One of our larger holdings agreed to sell itself last week at what we would consider a fair price. This has been a long and winding road that involved “activeness.” As noted in our November 21, 2019 SEC filling:

CSC has carefully monitored the Issuer’s difficulty over a multi-year period in achieving acceptable revenue growth, the associated lack of acceptable profitability, the management changes, and the systems implementation problems. In light of the recently announced sale of the Tuition Program Management at a multiple of 3 times revenue when GPX overall sells at a multiple of .5 times revenue, CSC believes that GPX is severely undervalued and there is a material question mark regarding the risk-adjusted present value of management’s operating plan. Therefore, it is incumbent upon the Board of Directors of GPX (the “Board”) to explore strategic alternatives that could further highlight the underlying value of the Issuer versus its current share price. The Reporting Persons expect to engage the Board and the management team in this process and thus are changing their filing to “Active” status.

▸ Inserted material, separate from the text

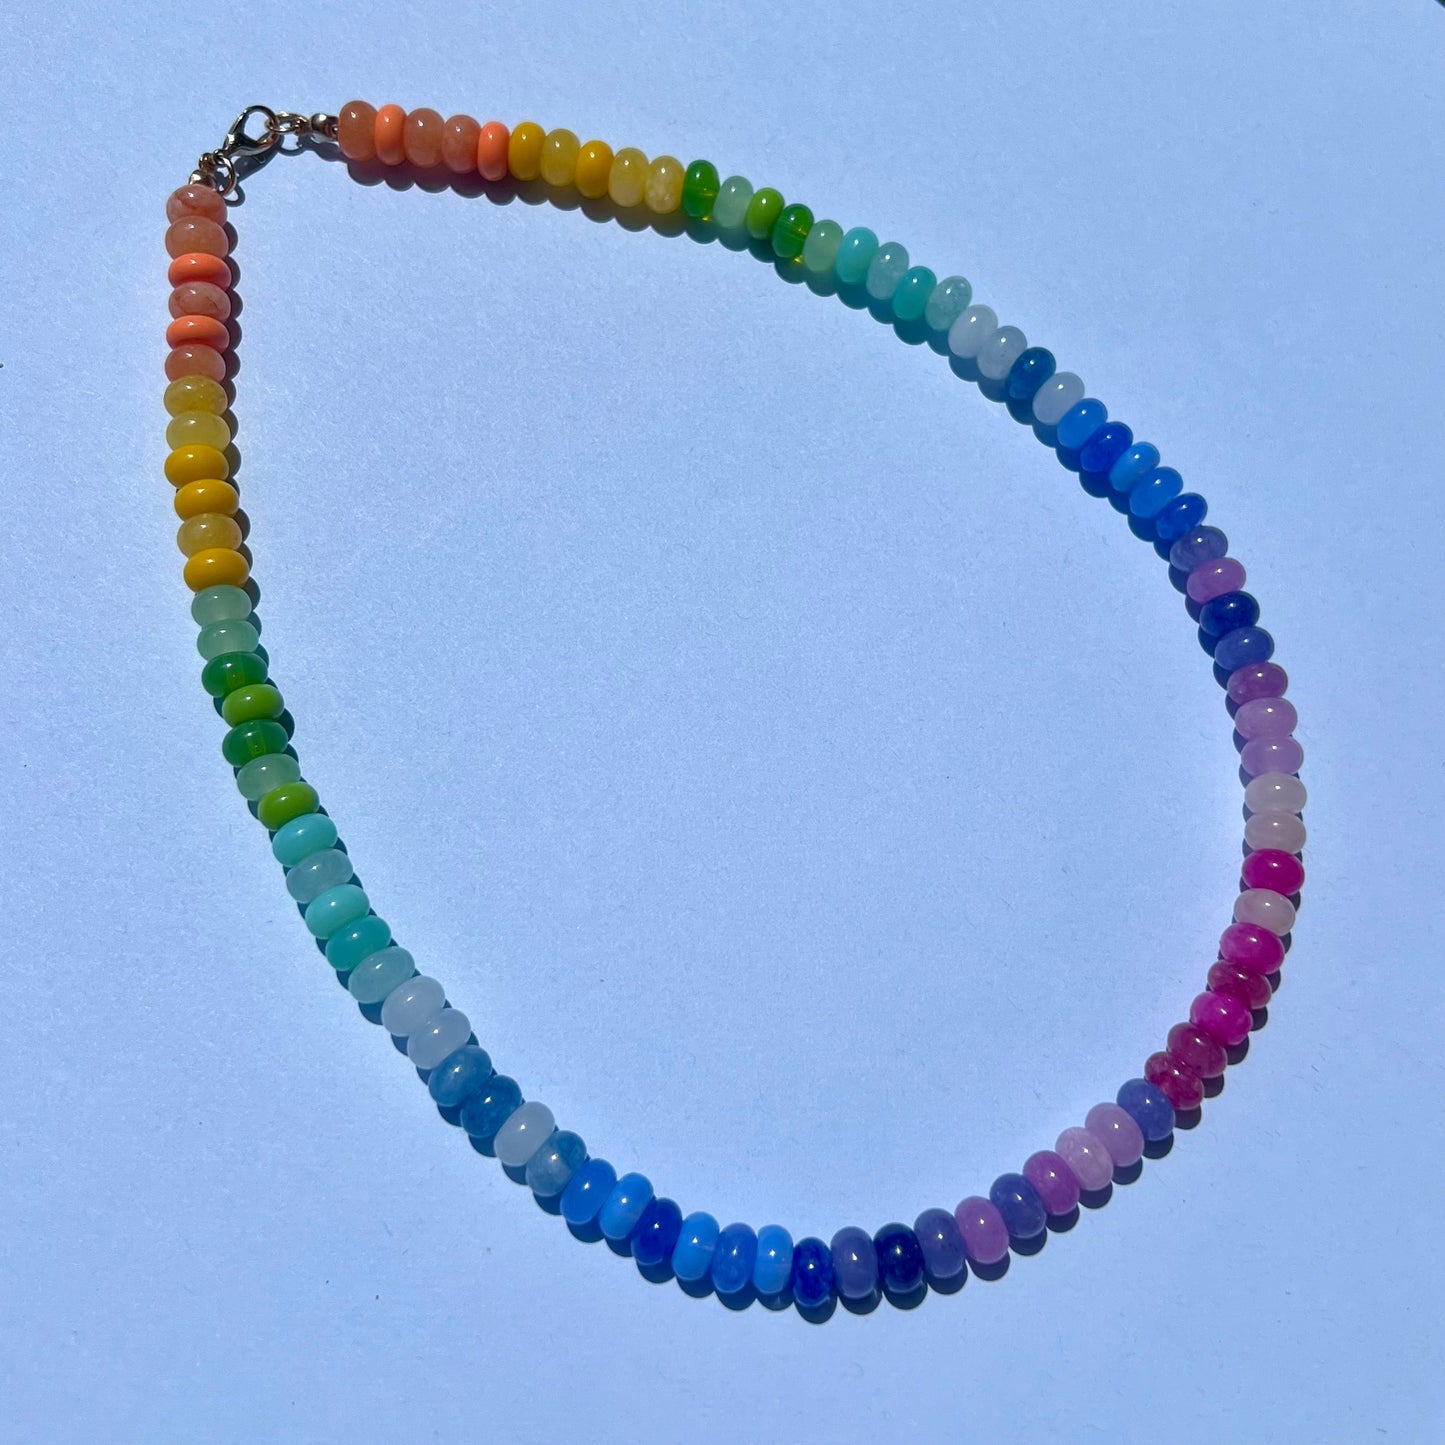 Skittles Necklace
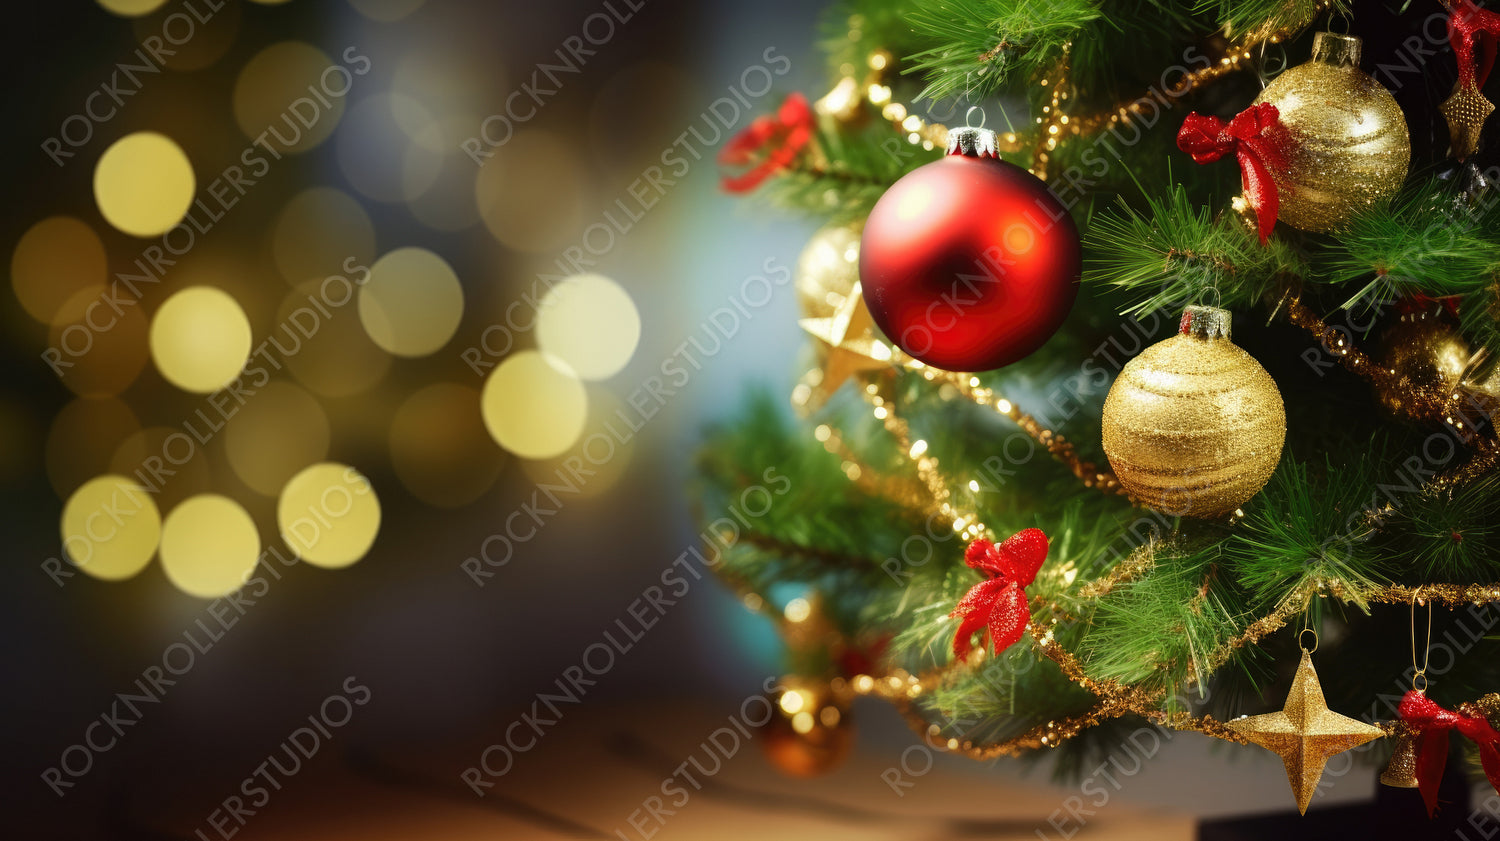 Festive green Christmas tree decorated with gold and red balls and bows with soft focus in evening and beautiful dark blurred defocused sparkling background with golden highlights, copy space.

Getting people to see things your way in a corporate setting is an interesting dynamic. Sometimes it’s worse than interesting as darker human motives can surface that call into question quaint notions of “fiduciary responsibility.” In this case, that was not the case, but some elbows needed to be sharpened as it is not always easy for people to understand that “Plan A” has had sufficient time to be proven simply not doable. GP Strategies “needs” a larger platform in order to properly cross-sell and better monetize their IP across a global scale. It was highly unlikely to achieve it on their own.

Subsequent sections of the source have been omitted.